İnsan, hep istediği şeyleri düşüneceğim diye başlar ve hep istemediği şeyleri düşüne düşüne “Düşüncenin Istırabı ve olumsuzluğu”na teslim olur. Oysa, istemediğimiz şeyleri düşünerek, ancak istemediğimiz şeylerin üreticisi oluruz.
Bu da, zaman içinde öyle bir alışkanlık haline gelir ki; hayatımız hep istemediğimiz benimsemediğimiz düşünceler, olaylar ve eylemler tarafından adeta parsellenir.
Olumlu yönde düşünme alışkanlığı edinme; bir eğitim olayı, bir yaşam felsefesidir. Çünkü insanoğlu hep olumsuz anlatımlar, korkular ve yorumlar içinde düşünmeye alışmıştır. Bu durumda sonuçları da hep olumsuzlukları kapsar.

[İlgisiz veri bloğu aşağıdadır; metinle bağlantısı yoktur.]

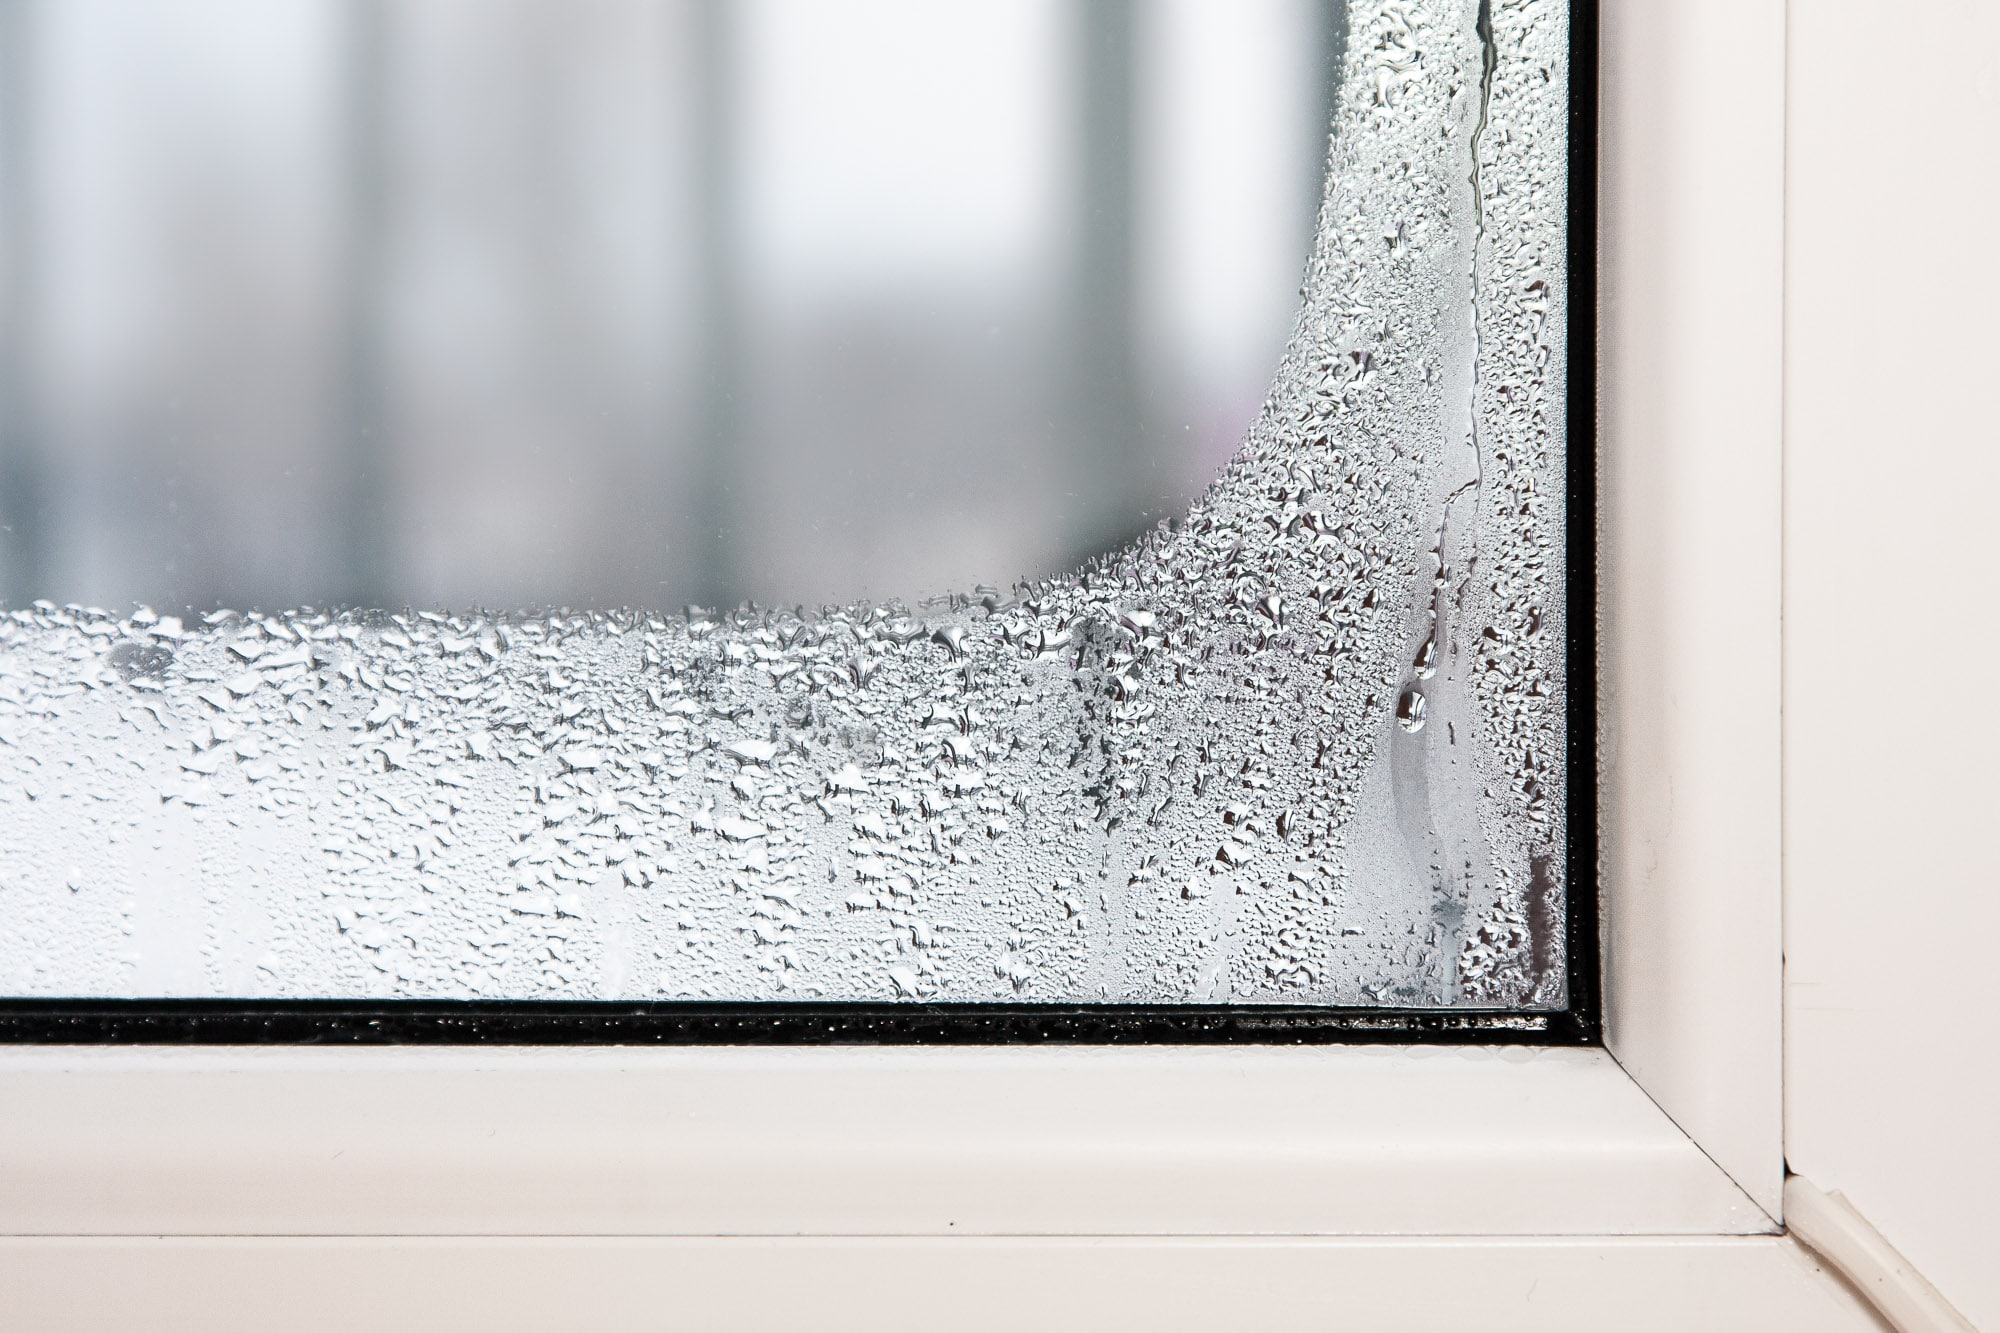 kondenswasser am fenster kondenswasser am fenster. Black Bedroom Furniture Sets. Home Design Ideas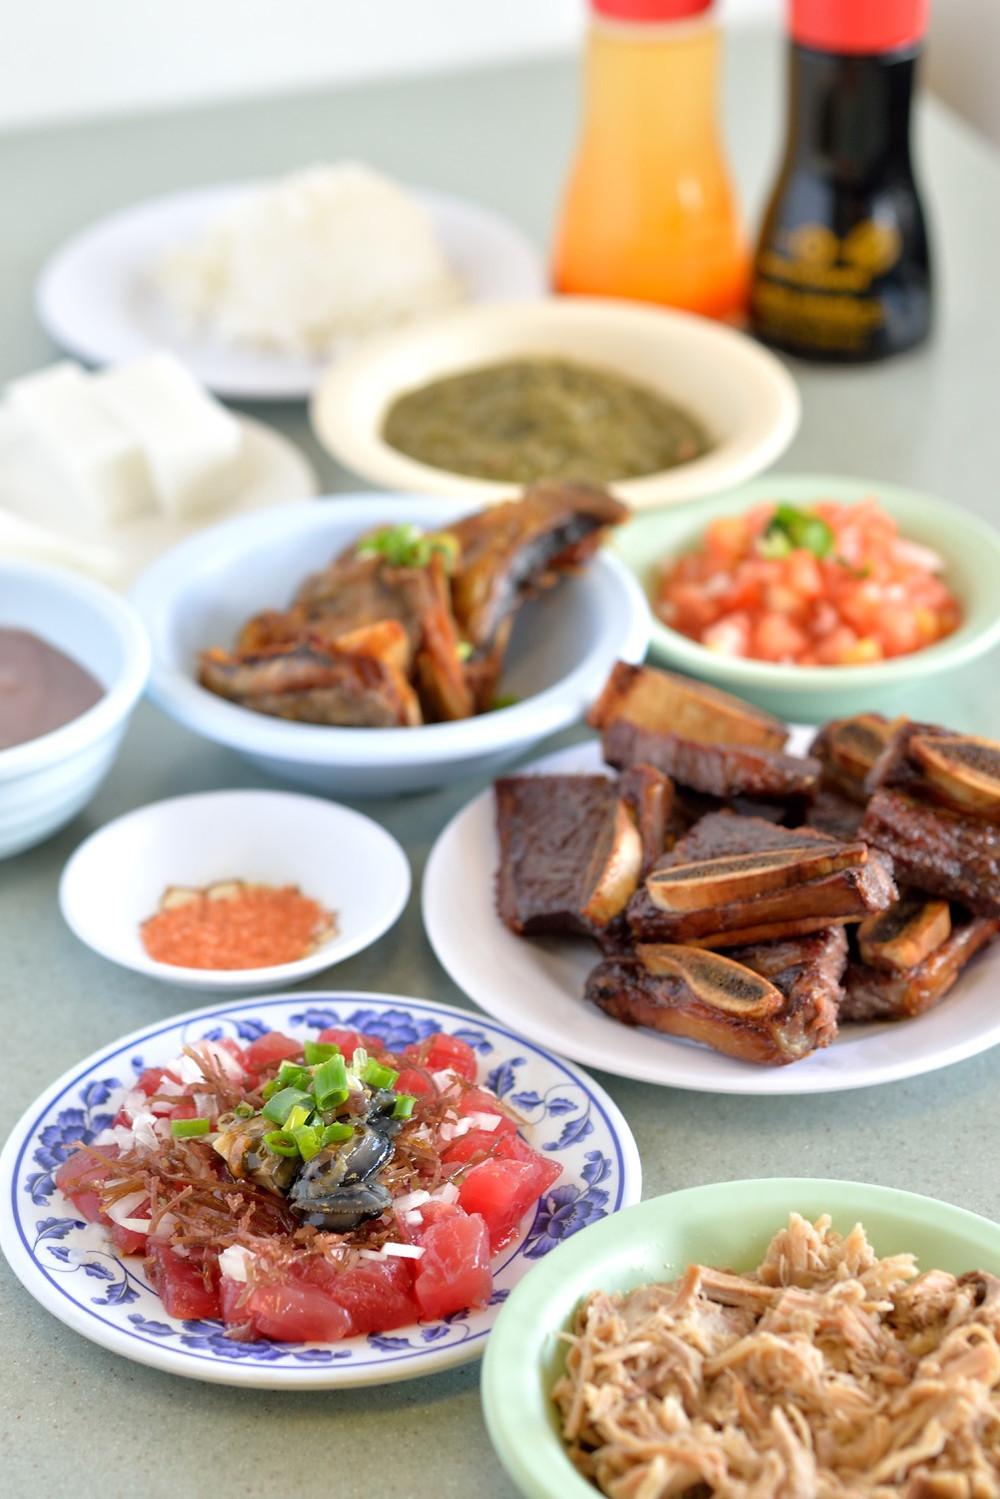 Helena's Hawaiian Foodはハワイアン料理の店。定番を組み合わせたセットメニューもあります(PHOTO / Tomohito Ishimaru)

MEVLANA FELSEFESİNDE; “YAŞAM, PAYLAŞIM VE ŞÜKRETMEK”
Mevlana şöyle der: “Dünyadaki yaşamın amacı sınav. Bu sınavın sonucuna göre insan ruhu ahretteki mertebesini kazanıyor.”
“Kul yaşantısı ile değil, niyeti ile imtihanda.”
Mevlana’ya göre insanın yaşamı süresince karşılaştığı her türlü zorluklar kimi zaman bedensel, kimi zaman duygusal, kimi zaman duyusal ve çoğu zaman da düşünsel sonuçlardan kaynaklanır.
Ancak nereden kaynaklanırsa kaynaklansın ortaya çıkan her zorluk sonucu itibarıyla bireyseldir. Onu aşmak, yenmek de öncelikle düşüncenin iyi yönlendirilmesi ile mümkün olur.
Ancak şunu unutmamak gerekir ki, büyük adamların, önderlerin ortaya çıkış anları, oluşan bir felaketin ardından gelir. Yani felaketler çoğu zaman bir kurtuluşun kıvılcımı olur çıkarlar.
Zaten, “Felaketin büyüklüğünün ölçütü, bizim düşüncemizde ona biçtiğimiz değerdir.”